This fieldwork began strangely like they would in Hawai`i back in the day: cruising into the boonies, and suddenly hanging a left onto Stoner Road. There is no sign, people like to pretend it doesn't run by their house, but Stoner Road has a place on the Washington map, somewhere between 46.76667 degrees north and the Know No Trail, just as prophecy foretold.
Some people say that leaving the straight and narrow and venturing into woods populated with stoners is dangerous, especially alone, but I wasn't worried. Mostly because I was ignorant and foolish back then, more than a week ago. I'd followed stoner trails before, stepped around their seedy spoor, even found some of their fiendish shrines, but I'd never really felt hunted by them before, never felt the hair rise up on the back of my neck on hearing a twig snap behind me.
I followed the trail as far as I could, which is to say until it started getting too steep and eroded for archaeology or a glimpse of stoners in the wild, and so I doubled back to abandon trail-walking and bush-whack upstream. It meandered through a nice little floodplain with another bench a couple of meters higher. Dead trees, or what the specialists call "large woody debris" shared spillway and retention duties with a few iterations of beaver dams. Every once in a while there would rise the rigid skeleton of a large cedar, phallic from afar, but upon closer inspection bearing the femiform lips of old bark stripping scars, the hollow womb of a mothering tree (condo for many a critter), the scratches of bears and cougars come to seek solace.
And then, in my far periphery, I thought I saw the blond dreadlocked coat of a stoner. Turning suddenly, I was face to face with not one but two juvenile specimens. The male appeared to be sub-adult at least, maybe fully mature, but it is always hard to tell with them. After a brief lag, the female slowly turned toward me and stared, and the male followed suit.
"It's a dude, dude," she whispered, causing his eyes (already pointed at me) to slowly focus and register--through a cloud of exhalation--my presence. I knew what would happen now. When their normal routine of clever subterfuge and camoflage (hunching over when lighting up cheap cigars stuffed with weed) fails, stoners take one of two evasive actions: one is to get the pursuer stoned and slip away during his inevitable lapse in attention, and the other is being able to randomly recall the incantation releasing the power to become very small.

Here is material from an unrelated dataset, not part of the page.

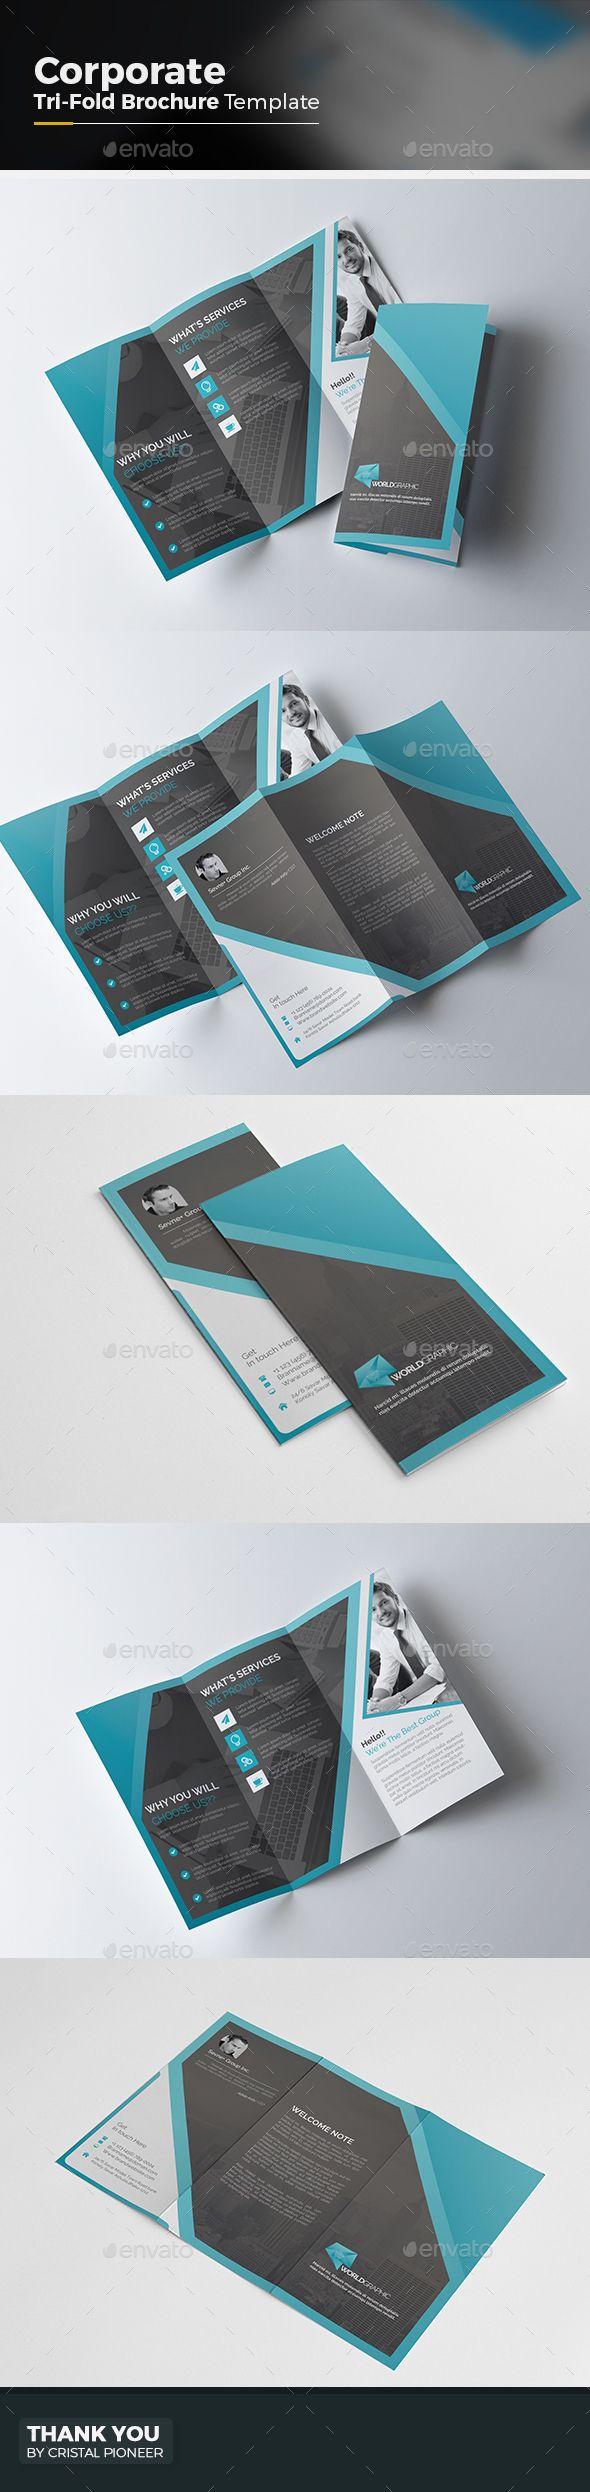 Tri fold Brochure Template Vector EPS, AI. Download here: http://graphicriver.net/item/tri-fold-brochure/15158671?ref=ksioks

They of course offered their still-smoking joint to me.
"Know no no no, I don't smoke it no more," sang I, and although they were young, they were well lored by theior elders, because they recognized and appreciated my Ringo impression. I think it's fair to say that it blew them away, because it set them to laughing. Chortle turned to chuckle, horse laugh and finally to ringing peals of laughter bounding through the fir, bouncing off the trunks as I laughed with them until, bent double coughing up the remains of a guffaw I saw my feet sunk in the mud and flashed onto the grim reality: they were trapping me in a contact high, probably had been blowing smoke at me with each laugh, which would only make it funnier, therefore making them laugh more smoke my way--a self-triggering feedback cycle, another of those deviously clever tricks of their species.
And so I stopped laughing, intent on regaining my wits. As I straightened, I could see them running away. Faster and faster, or were they getting smaller and smaller? I'll never be able to say without doubt sticking in his crowbar, but if I had to swear I would say they had remembered how to get small. I thought I saw them, bodies shrunk to the size of marmosets, take one last madcap leap, arcing toward a tree and growing infinitesimal exponentially, disappearing into this mossy microscape.